Worldwide, commercial real estate markets remain flat or nearly so, although tenant demand is still high in the U.S., according to the latest quarterly U.S. and Global Commercial Property Monitors from the Royal Institution of Chartered Surveyors.
In the December-into-January surveys, respondents were asked to compare CRE conditions over the latest three months with the previous three months and to provide their own views on the outlook for CRE.
From a global standpoint, the report says, “Sentiment towards real estate remains firm across much of the globe,” although that means different things in different places. First, the RICS calls out India and Brazil as bright spots.
India seems to be picking up after what the report describes as “a more subdued period.” Underlying economic activity is accelerating modestly, and the completion of recapitalizing public-sector banks should also boost the CRE sector. Both tenant demand and investor interest improved toward the end of 2018. More importantly, perhaps, survey respondents see the market as being in the upturn phase of the cycle “and, on balance, representing fair value for investors.”
Now that Brazil is past its presidential election, that country too is seeing an uptick, with investment inquiries hitting a post-2013 peak. Occupier demand is up slightly, as are projections for both rents and capital values, versus earlier in the year. As in India, survey respondents perceive the market as “still very much in the early stages of the upturn….”

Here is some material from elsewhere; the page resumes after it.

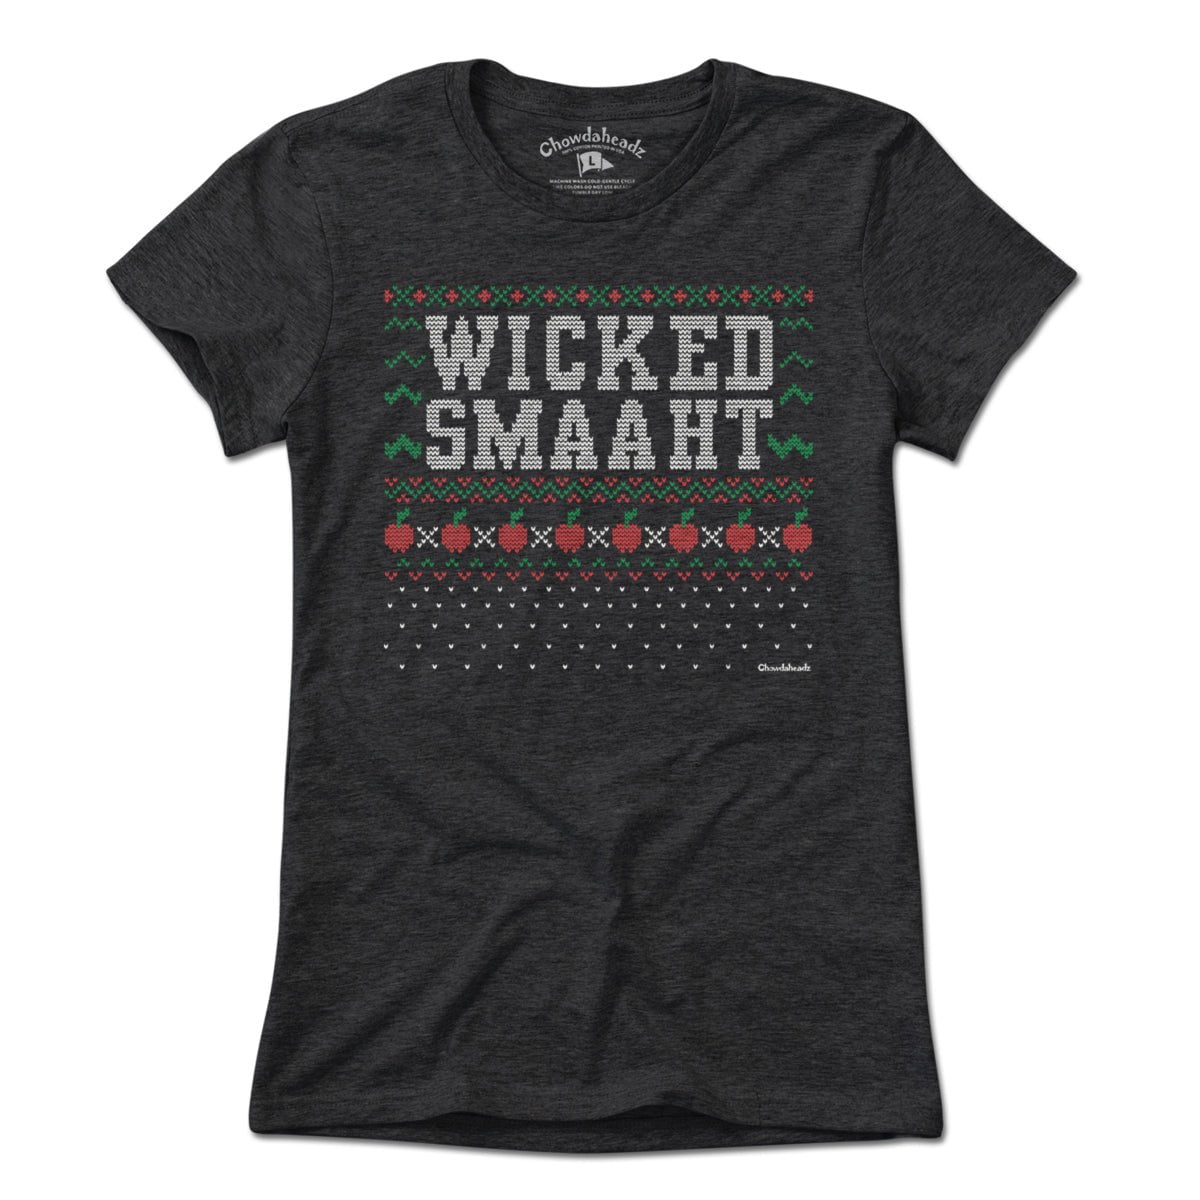 Wicked Smaaht Ugly Holiday Sweater T-Shirt - Chowdaheadz

In China, however, the CRE sector seems to have lost a little momentum, over concerns about the slowing economy. Both the Occupier Sentiment Index and Investor Sentiment Index saw “modestly negative readings for the first time in around two years … reflected in a broadly flat outlook for both rents and capital values at the 12-month time horizon.”
For both tenants and investors, Europe remains the most stable market in absolute terms; Portugal, Hungary, Spain and Greece are among the top performers. Germany “is viewed as being closer to the peak of the cycle and generally more stretched from a valuation perspective,” the report stated.
The results for the United Kingdom appear to reflect “a little more caution as the negotiations around Brexit become more fraught … many comments from contributors did highlight uncertainty engendered by Brexit as a challenge for the market.”
A split market in the U.S.
Here in the U.S., the RICS report sees “a significant divergence” across the office, retail and industrial sectors, averaging out to “a relatively flat headline picture” that looks likely to persist a while longer.
As an example of that divergence, the report notes that rental growth projections for 2019 are largely unchanged from the previous quarter. Prime industrial rents are seen posting the strongest rise, of about 4 percent, and prime office and secondary industrial rents too are expected to increase, by close to 2 percent. “Meanwhile, rental expectations are negative for both the prime and secondary retail submarkets,” according to the report.
Increased investor interest in industrial properties “was largely offset by a decline in demand across the retail sector.”